Linguistics 001 -- Final Exam study guide

Here is a link to last year's final in html form, and one in pdf form. Some warnings: last year's final was not cumulative, while this year's is; the material covered last year was a little different; the formatting of the html version leaves a lot to be desired.

Because the final will be cumulative, you should look at the midterm study guide with respect to lectures 1 to 11.

We repeat for emphasis the advice given in the midterm study guide:

This document will give you some key terminology, topics and questions to help focus your review for the mid-term exam. You should not assume that this guide is exhaustive: in principle, anything in the assigned reading or covered in the course lectures is fair game. However, you can rely on this guide to give you a fair picture of the relative importance of various aspects of the course material as we see them.

The exam will not contain trick questions, nor will it require knowledge of unimportant details. For instance, p. 144 of the Cambridge Encyclopedia of Language tells you that Hermann von Helmholtz was born in 1821 and died in 1894. We are certainly not going to ask you for these dates. In fact, since Helmholtz was not covered in any of the lectures, and will not be mentioned in this study guide, you could reasonably conclude that he is quite unlikely to be mentioned on the exam.

Unlike the midterm, the final exam will include a choice of essay questions. This means that if you develop deeper knowledge of particular areas covered by the course, it is likely that you will be able to make use of this knowledge in an essay.

For material covered in the homework assignments, please refer to the assignments themselves.

This page covers lectures 12 to 25. We have included some things from the texts as well as the lectures.

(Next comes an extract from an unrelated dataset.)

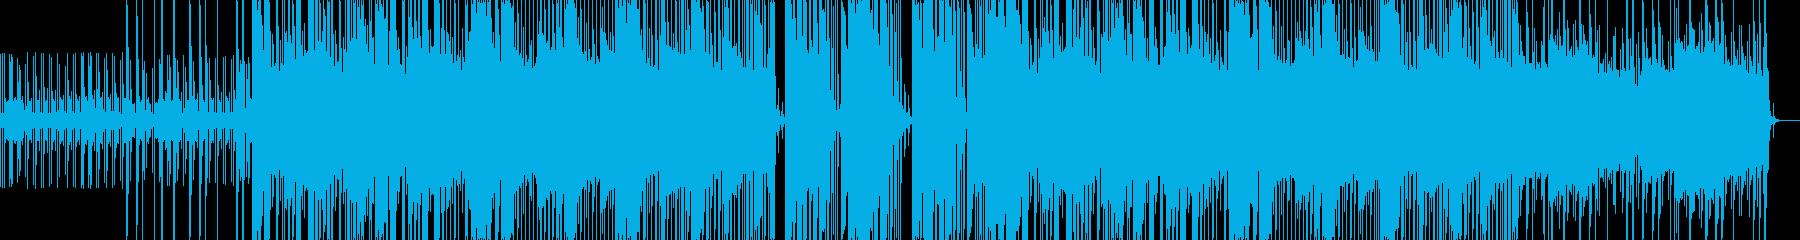 【クリスマス】藍色のサリーの再生済みの波形

  1. Semantics.Lexeme vs. word. Sense and reference. Compositionality. Syntagmatic vs. paradigmatic relationships. Homonymy, polysemy, synonymy, antonymy, hyponymy.
  2. Pragmatics. Speech acts (direct and indirect). Performatives. Felicity conditions. Gricean maxims. Given vs. New.
  3. Sociolinguistics. Marking of region and class. Stigmatized features. Genre. Register, formality. Interaction of formality and (social) class. Matched guise experiments.
  4. Language and gender. Sex vs. gender. Biological sex differences related to language, including secondary sexual characteristics (larynx and pharynx), and suggested brain differences. Difference theories (e.g. the two-cultures theory) vs. dominance theories. The role of power.
  5. Song, verse, language games. Analysis of language games. Scansion of English accentual-syllabic verse. Relationship between poetic meter and music. Types of metrical feet.
  6. Reading and writing. History of writing. Types of writing systems: pictographic/ideographic/logographic/syllabic/phonemic. Graphemes vs. phonemes. Design of new writing systems. Literacy around the world. Reading disabilities.
  7. Production and perception. Types of speech errors. Freud's theories vs. more recent work. Time course of spoken word recognition, "uniqueness point."
  8. Child language acquisition Critical periods. Stages of development in various aspects of language and language use. Role of imitation, reinforcement, analogy. Role of experience vs. "instinct" vs. general cognitive development.
  9. Brain and language. Dominant and non-dominant hemispheres of the cerebral cortex, motor strip, auditory cortex, Broca's area, Wernicke's area, corpus callosum. Aphasia, agrammatism. Split brain patients. Localization and modularity.
  10. Survey of linguistics courses. Not relevant to the exam.
  11. Languages of the world. What is a language? Language families and family trees; reasons for tree-like structure. Names of the larger families, and family trees for important modern (and ancient) languages (surveyed in Crystal 294-329). Language typology, with the specific examples of syllable structure and relative order of Subject/Verb/Object.
  12. Language change. Varieties of language change. Sources of language change. Types of sound change: splits and mergers, assimilation, dissimilation, metathesis; syncope and apocope. Reconstruction of proto-languages. Nostratic.
  13. Signed and spoken language. Nature of sign languages. A.S.L. and "signed English." Oralist vs. manualist approaches. The experiment of Psammetichus and the development of sign languages. Writing systems for sign language. Cochlear implants.
  14. Human and non-human communication. Ethology. Types, functions and evolutionary origins of communicative displays. Instinctive vs. learned aspects. Comparison of human and non-human communicative systems.